Required action:
Repeat the records below exactly, leaving out any pictures.

Stored items from a collection:
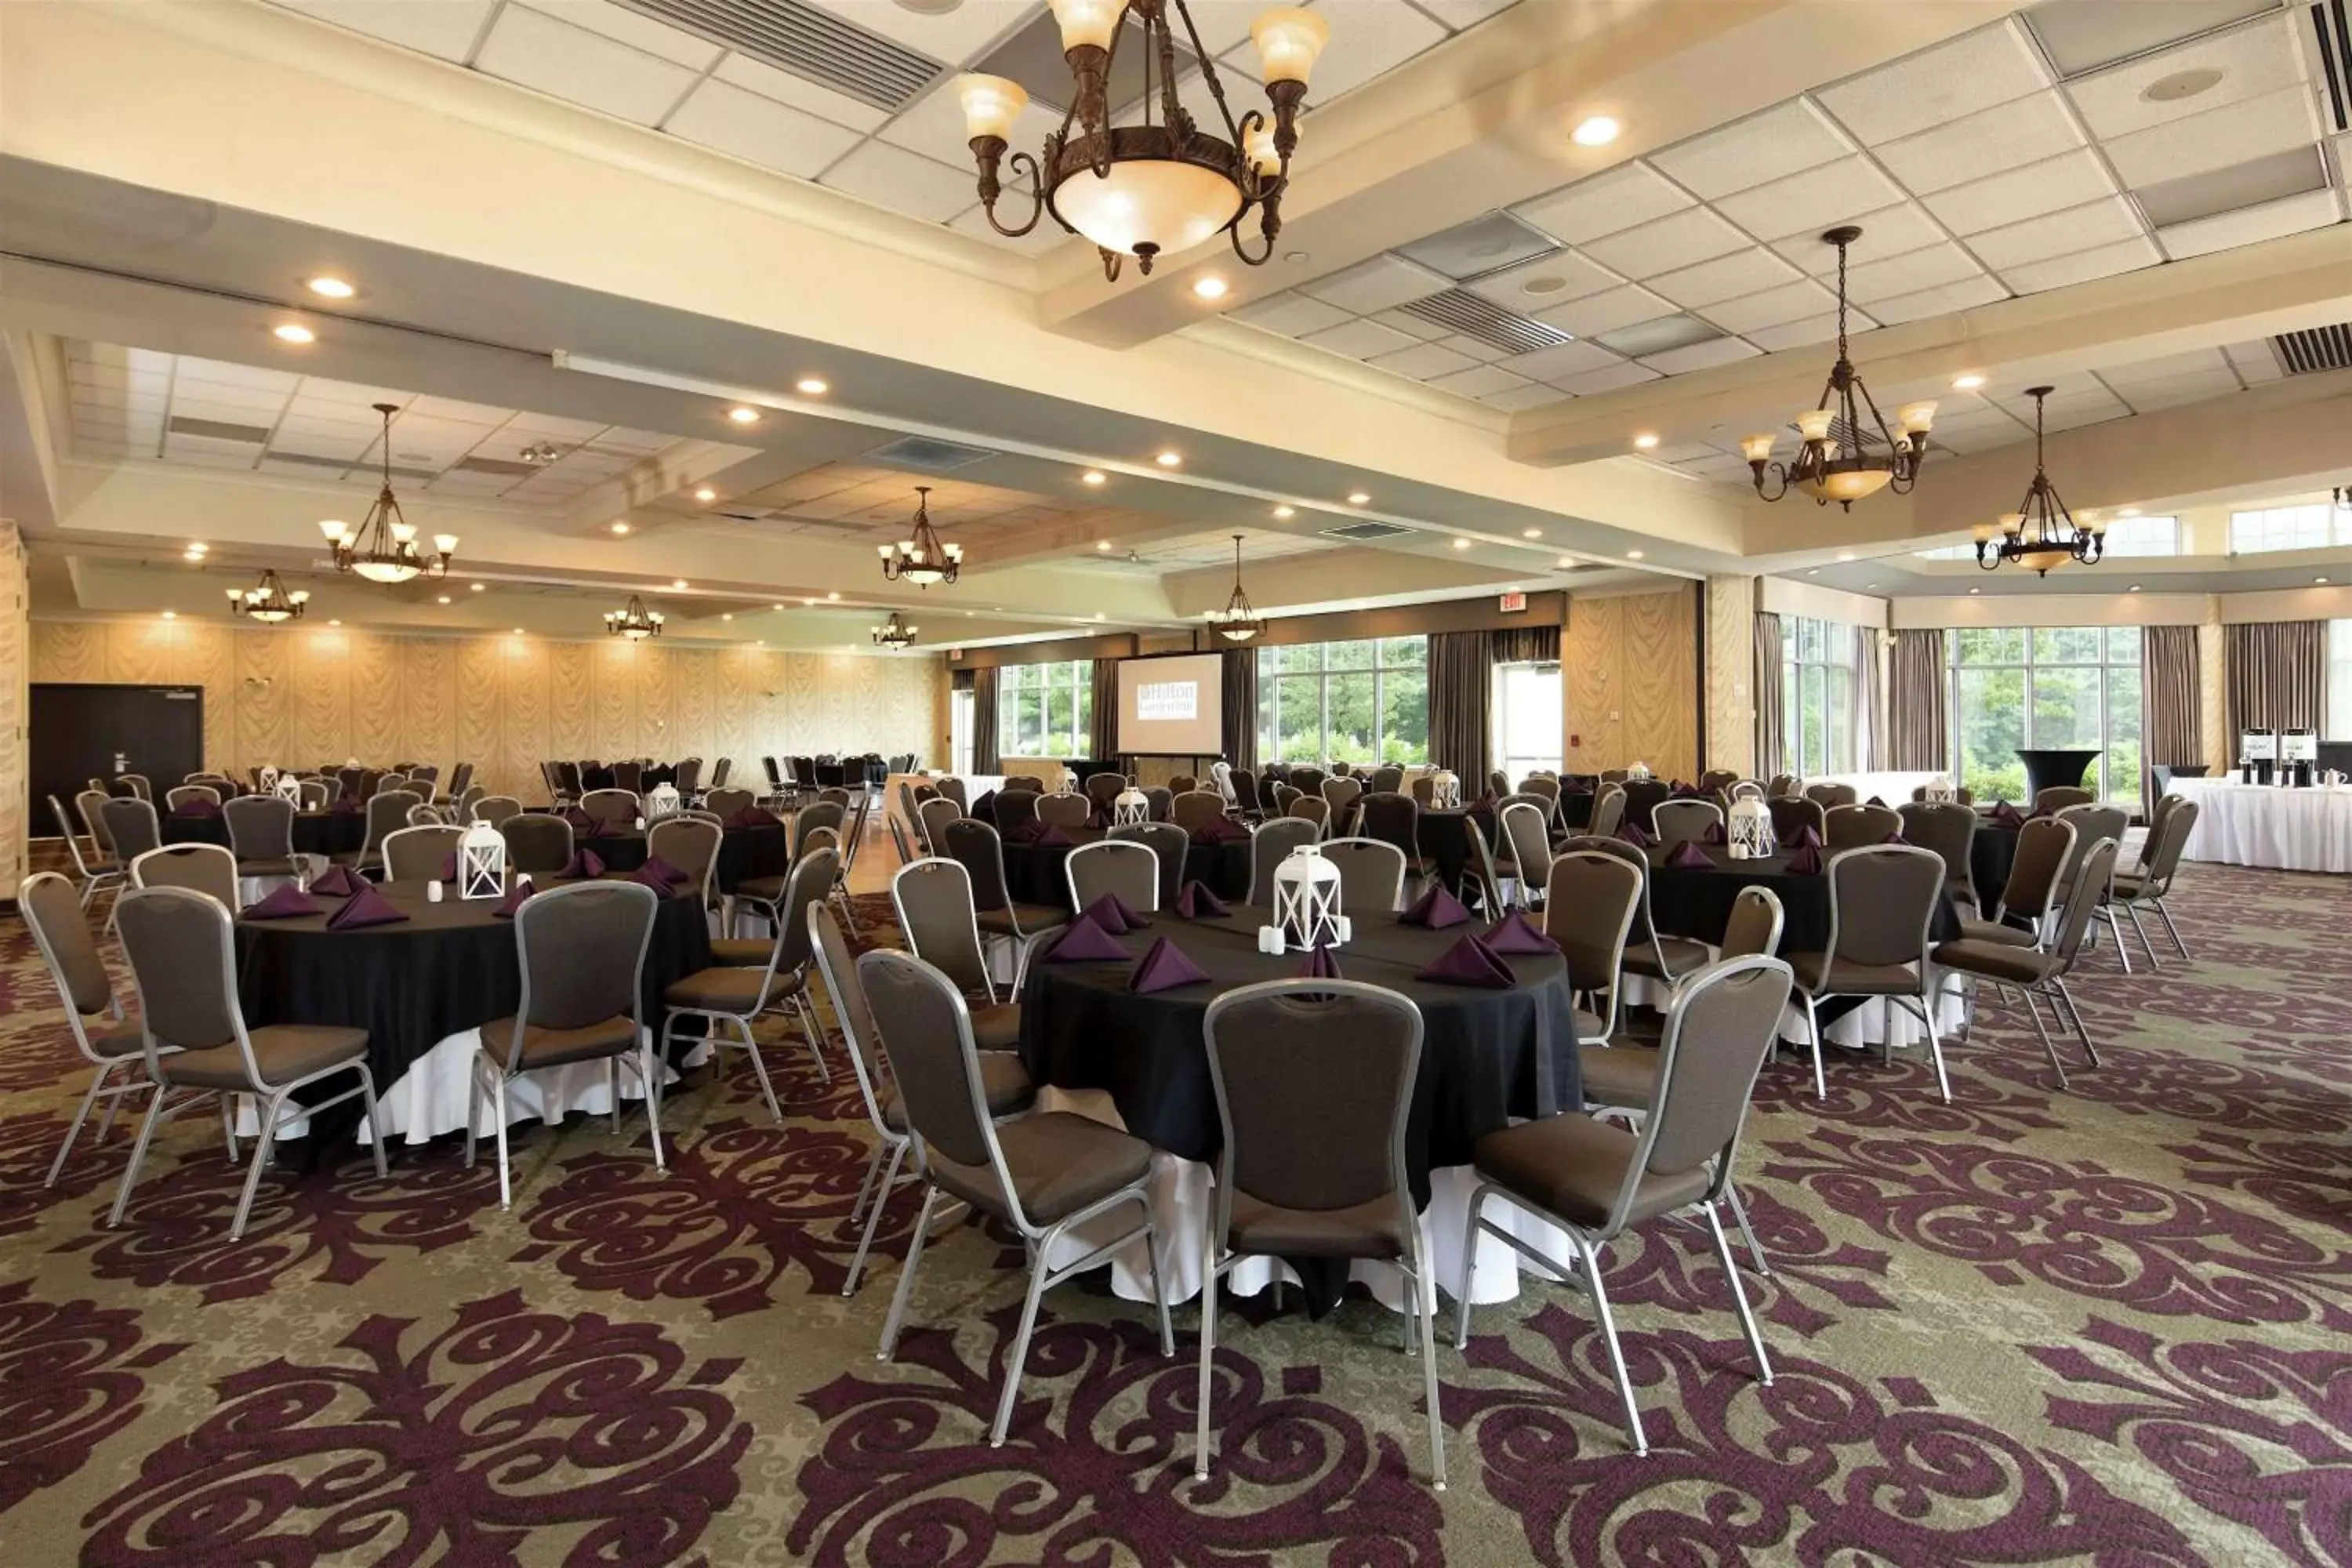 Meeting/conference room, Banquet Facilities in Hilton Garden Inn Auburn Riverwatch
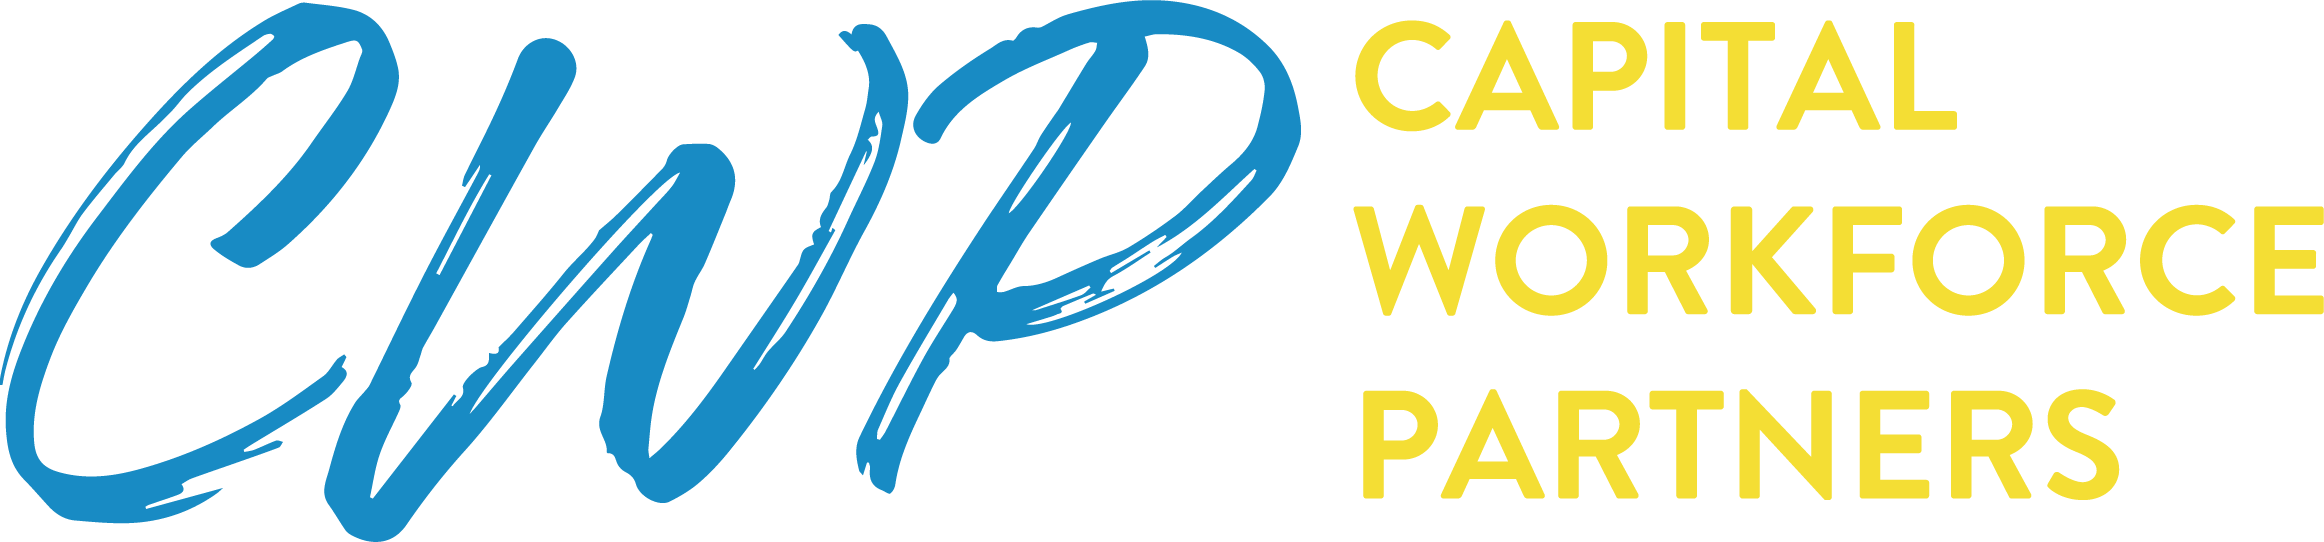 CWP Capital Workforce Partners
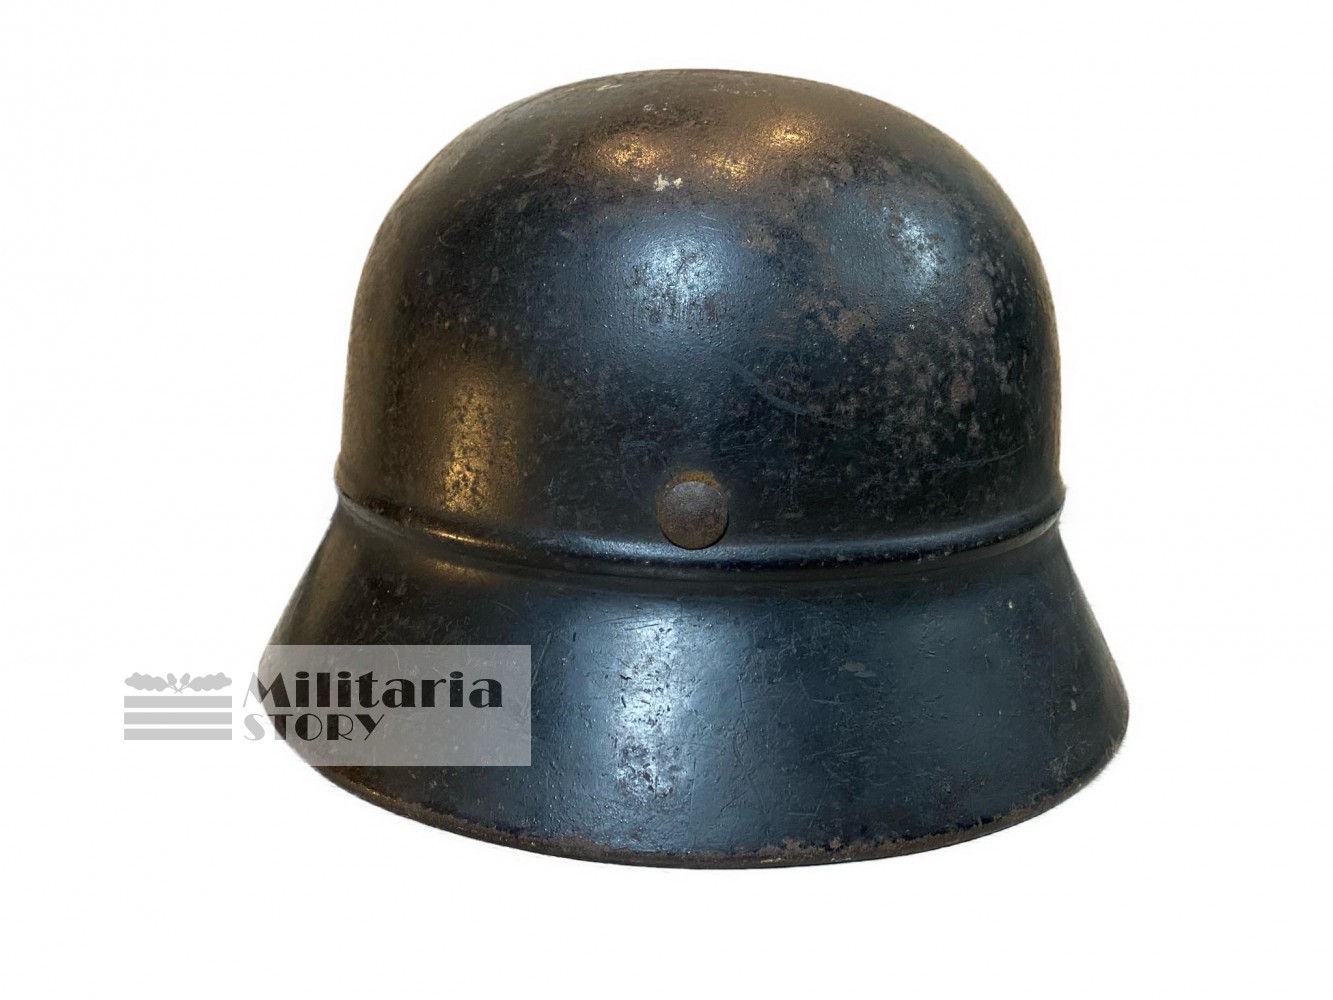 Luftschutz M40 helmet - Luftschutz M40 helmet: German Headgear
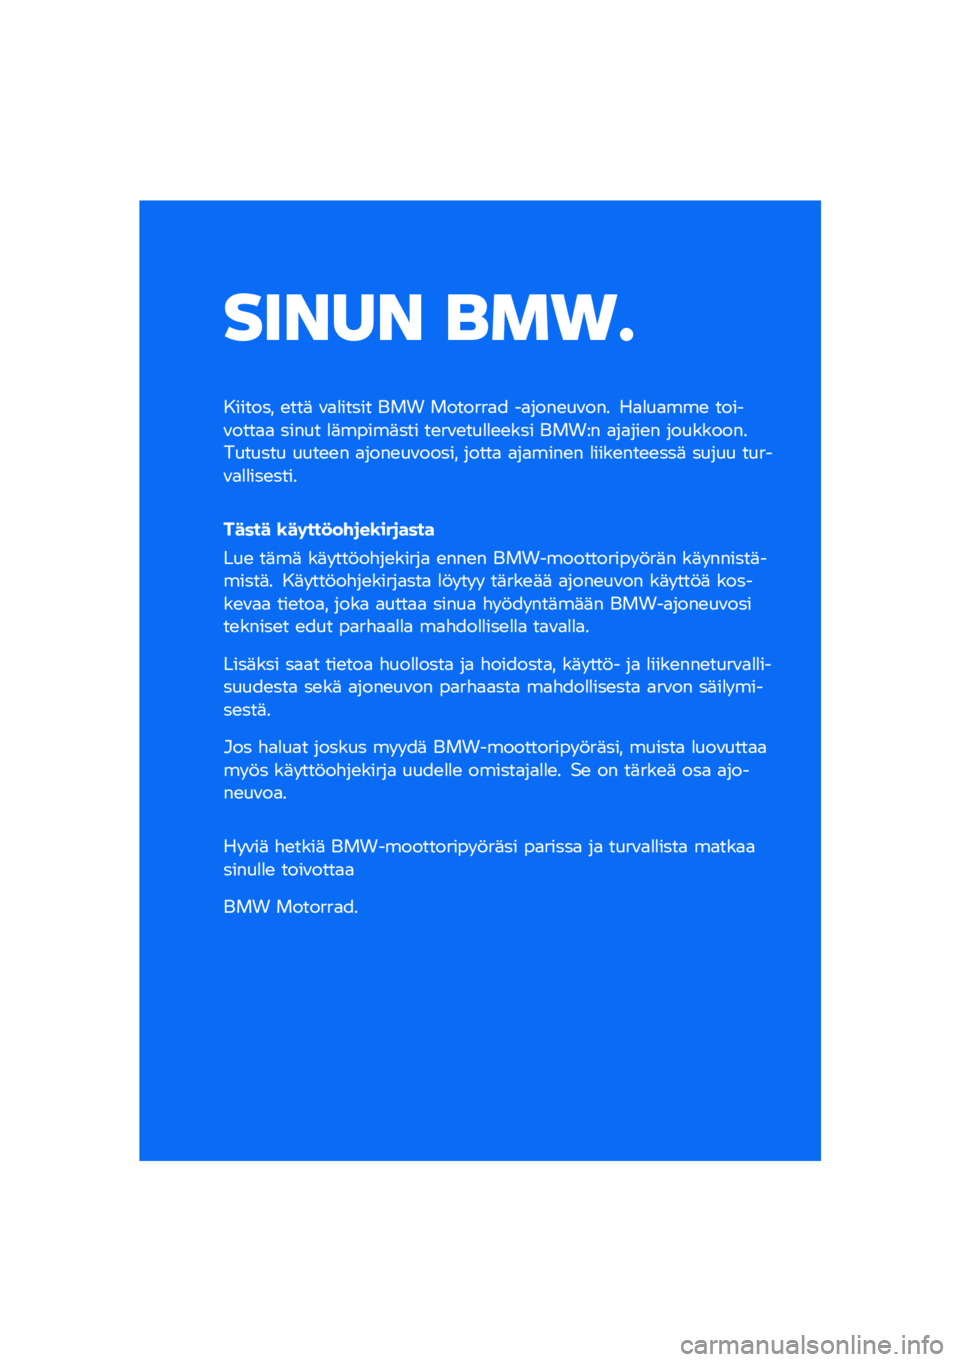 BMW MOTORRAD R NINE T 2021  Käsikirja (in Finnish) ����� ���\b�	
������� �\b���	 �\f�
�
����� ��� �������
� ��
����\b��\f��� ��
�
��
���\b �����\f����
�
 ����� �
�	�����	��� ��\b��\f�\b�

Result for this task:
 Meeting/conference room, Banquet Facilities in Hilton Garden Inn Auburn Riverwatch
 CWP Capital Workforce Partners
 Luftschutz M40 helmet - Luftschutz M40 helmet: German Headgear
 BMW MOTORRAD R NINE T 2021  Käsikirja (in Finnish) ����� ���\b�	
������� �\b���	 �\f�
�
����� ��� �������
� ��
����\b��\f��� ��
�
��
���\b �����\f����
�
 ����� �
�	�����	��� ��\b��\f�\b�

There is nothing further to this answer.